Pada 2005 ia mendapatkan The Asia Foundation Award dalam rangka 50 tahun The Asia Foundation atas
peran pentingnya dalam modernisasi pendidikan Islam; dalam rangka Peringatan Hari Kemerdekaan RI, pada 15
Agustus 2005 mendapat anugerah Bintang Mahaputra Utama RI atas kontribusinya dalam pengembangan Islam
moderat; pada September 2010, ia mendapat penghargaan gelar CBE (Commander of the Most Excellent Order of
British Empire) dari Ratu Elizabeth, Kerajaan Inggris atas jasa-jasanya dalam hubungan antar-agama dan
peradaban.
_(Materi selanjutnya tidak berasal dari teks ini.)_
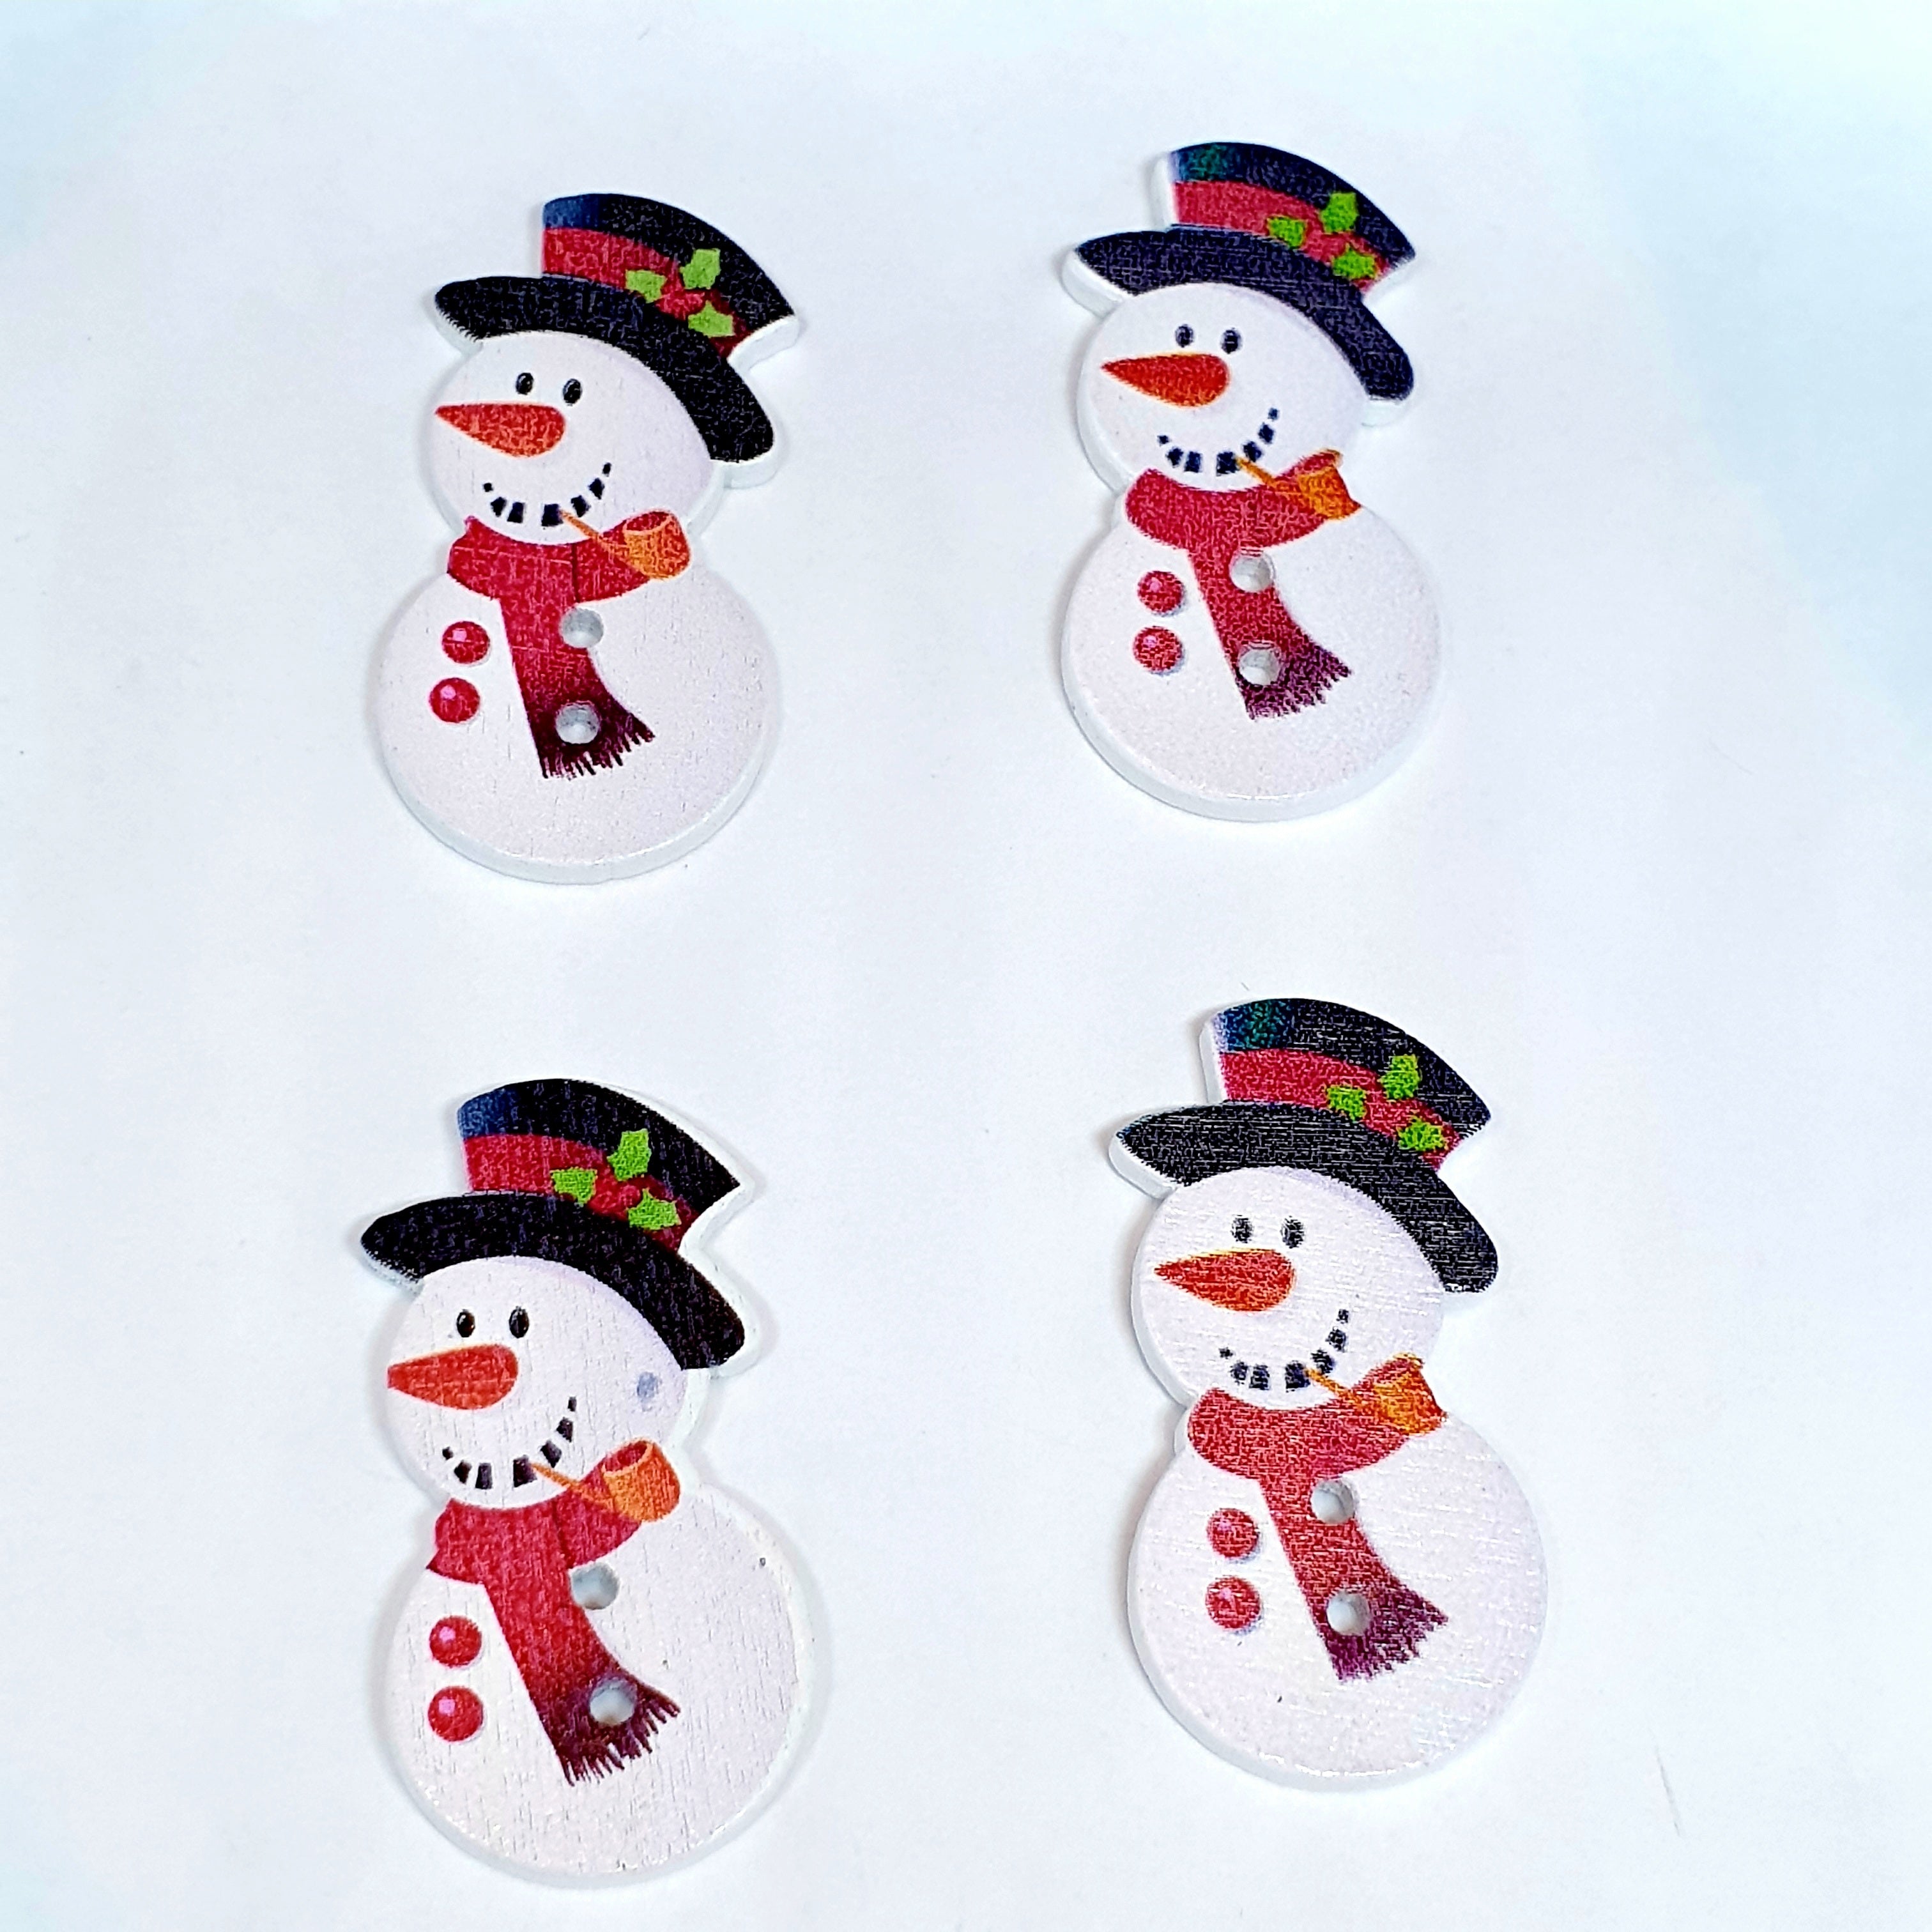 MajorCrafts 15pcs 36mm x 18mm White Christmas Snowman with Red Scarf 2 Holes Large Wood Sewing Buttons

Kemudian pada 28 Agustus 2014 ia mendapat penghargaan ‘MIPI Award’ dari Masyarakat Imu
Pemerintahan Indonesia (MIPI). Selanjutnya, pada 4 Agustus 2014, ia dianugerahi ‘Commendations’ dari
Kementerian Luarnegeri Jepang atas jasanya memperkuat saling pengertian antara Jepang dan Indonesia; dan 18
September 2014 dia terpilih sebagai salah satu dari tiga penerima anugerah bergengsi Fukuoka Prize 2014 Jepang
atas jasa dan kontribusi signifikannya pada peningkatan pemahaman masyarakat internasional terhadap budaya
Asia. Pada 25 Juni 2015 dia mendapat penghargaan ‘Cendekiawan Berdedikasi’ dari Harian Kompas; pada 20
Agustus 2015 dia terpilih menyampaikan ‘LIPI Sarwono Memorial Lecture’ dalam rangka ulang tahun ke-48 LIPI;
dan pada 21 Agustus 2015 dia terpilih menerima ‘Penghargaan Achmad Bakrie’ dalam Pemikiran Sosial.
Selain itu, pada 2009 dia terpilih sebagai salah satu di antara ‘The 500 Most Influential Muslim Leaders’
dalam bidang Scholarly (kesarjanaan/keilmuan) oleh Prince Waleed bin Talal Center for Muslim-Christian
Understanding, Georgetown University, Washington DC dan The Royal Islamic Strategic Studies Centre, Amman,
Yordania di bawah pimpinan Prof John Esposito dan Prof Ibrahim Kalin.